◆ Input records
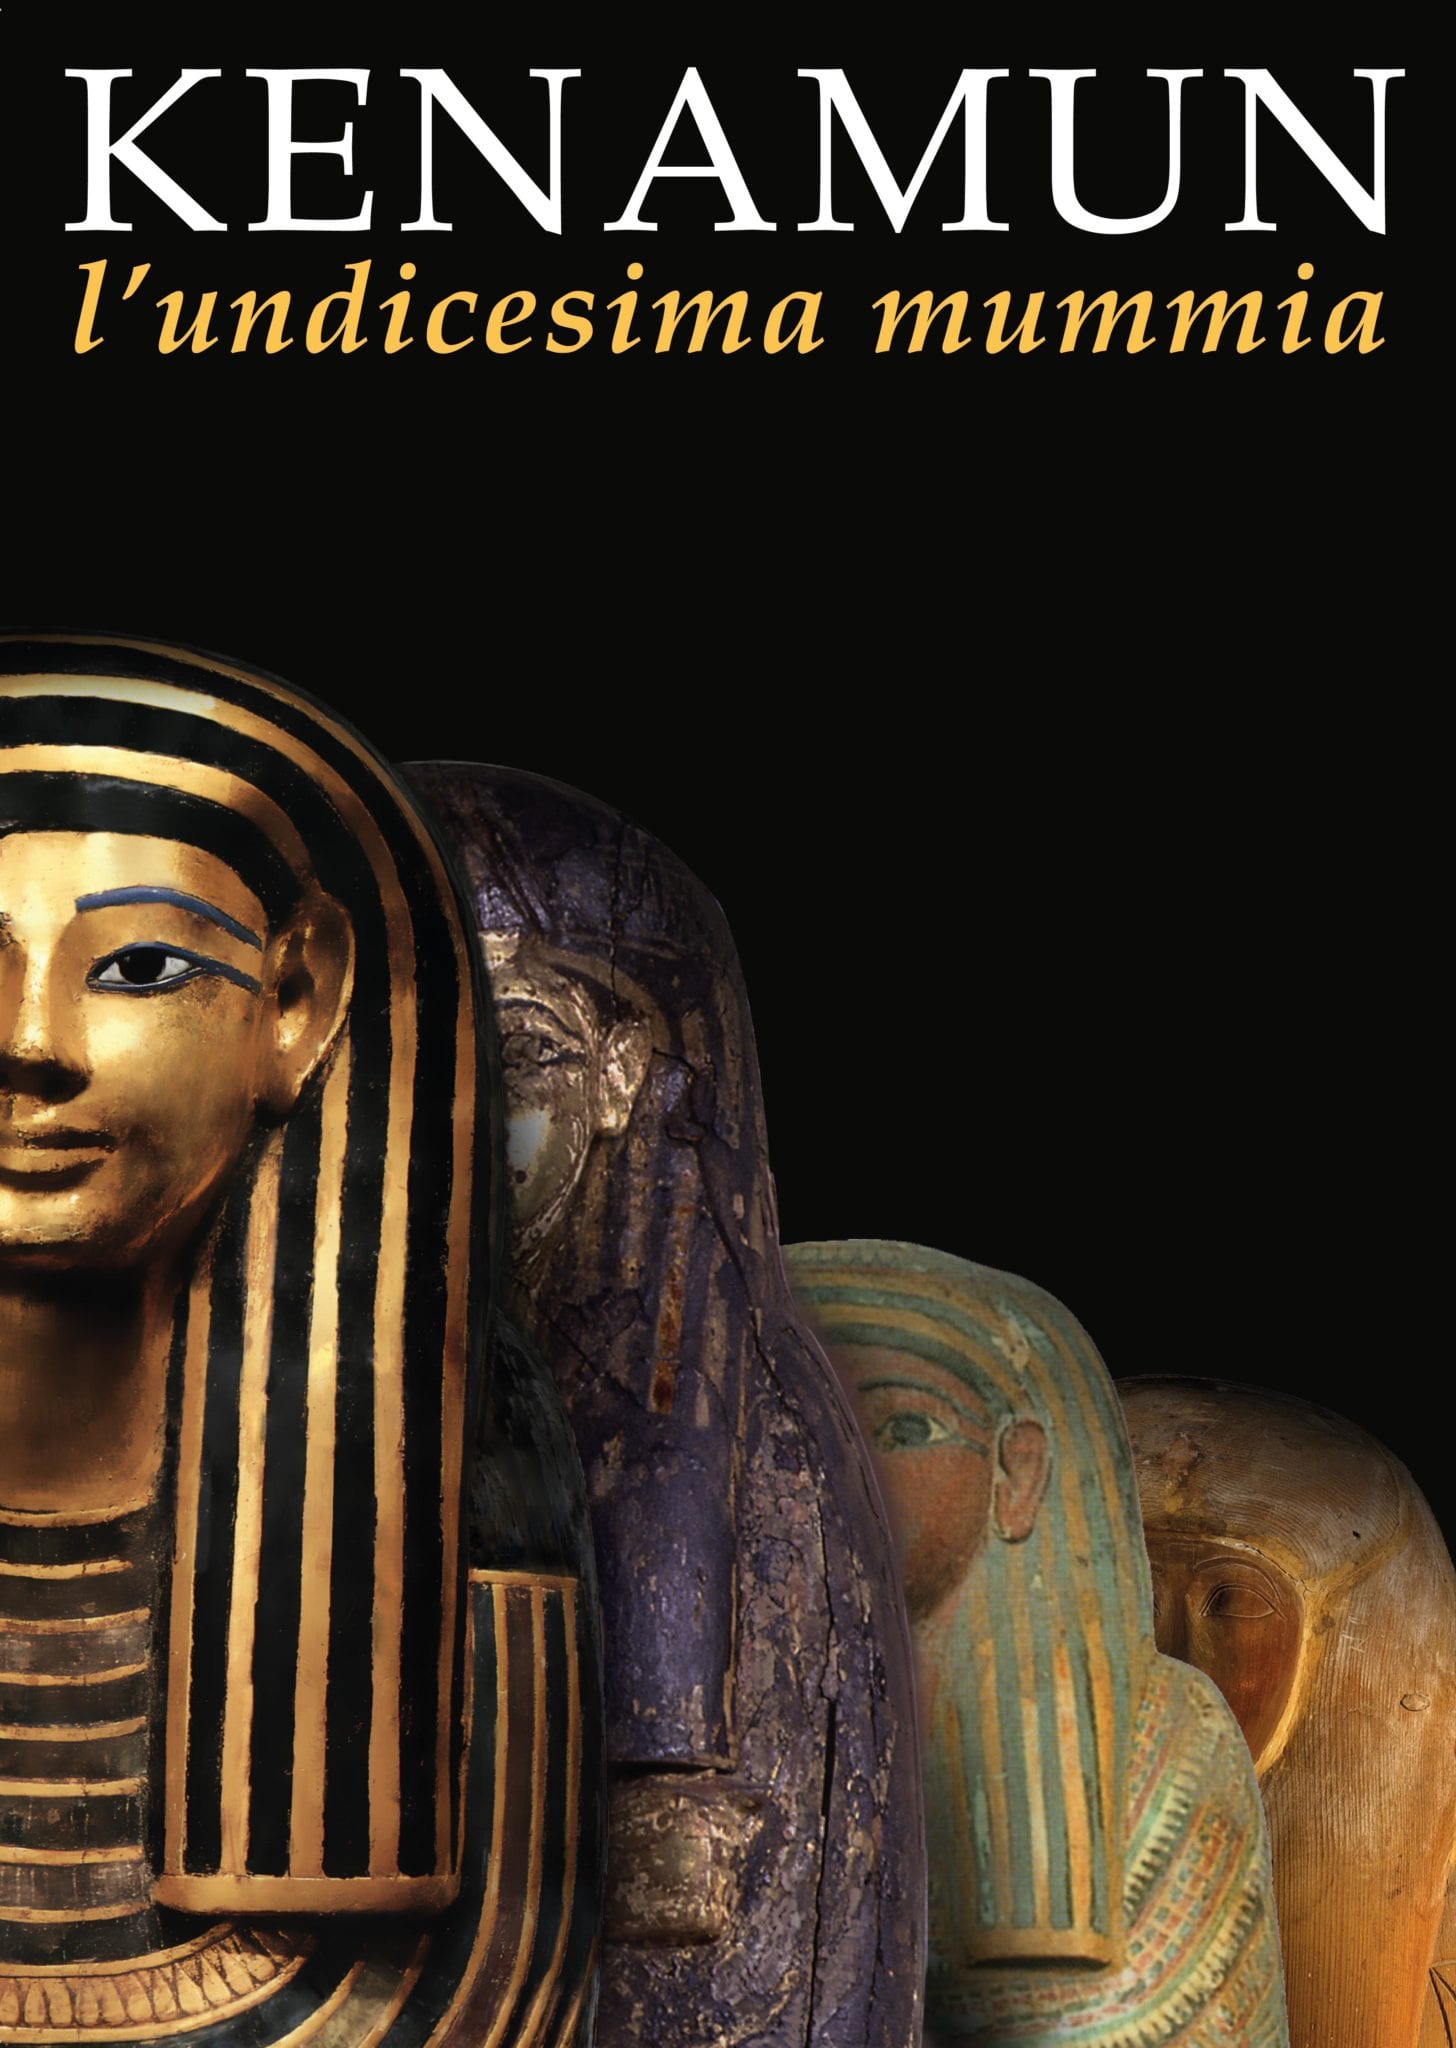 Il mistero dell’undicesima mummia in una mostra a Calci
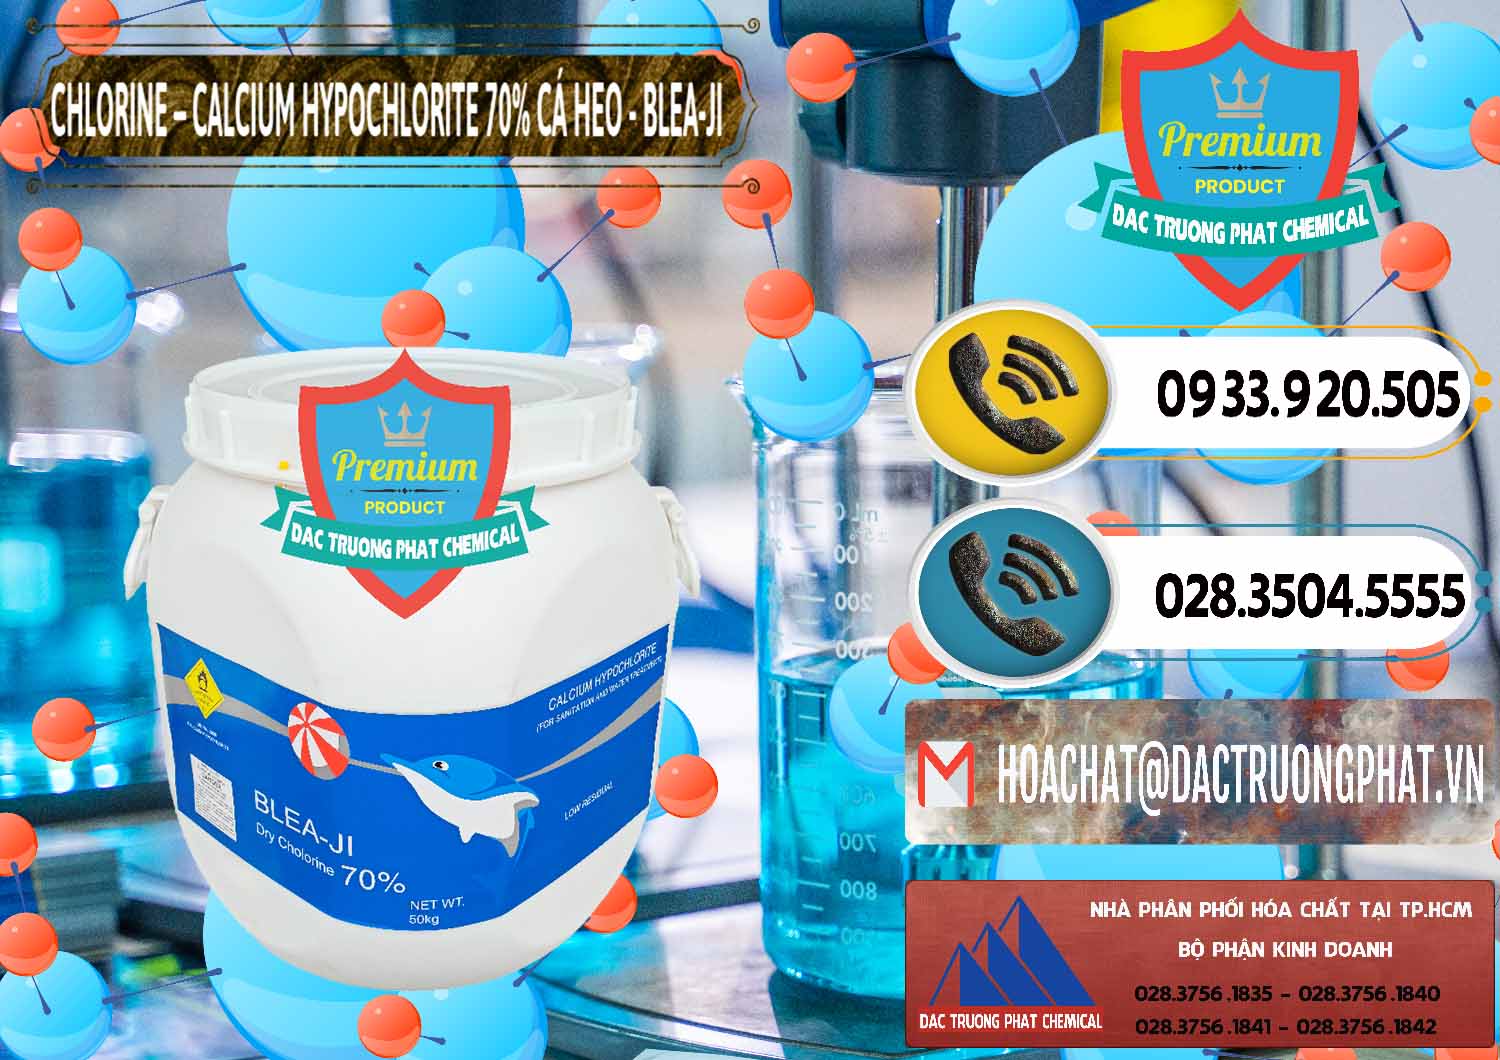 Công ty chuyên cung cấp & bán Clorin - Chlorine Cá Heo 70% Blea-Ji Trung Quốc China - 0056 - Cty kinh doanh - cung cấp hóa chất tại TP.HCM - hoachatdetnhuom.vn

--

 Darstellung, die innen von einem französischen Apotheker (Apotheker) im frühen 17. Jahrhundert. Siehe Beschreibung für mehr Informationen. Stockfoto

◆ Task requirements
Without the pictures, give again exactly the lines above starting at the line containing "Il mistero dell’undicesima" and ending at the line containing "Công ty chuyên".

◆ Exercise response
 Il mistero dell’undicesima mummia in una mostra a Calci
 Công ty chuyên cung cấp & bán Clorin - Chlorine Cá Heo 70% Blea-Ji Trung Quốc China - 0056 - Cty kinh doanh - cung cấp hóa chất tại TP.HCM - hoachatdetnhuom.vn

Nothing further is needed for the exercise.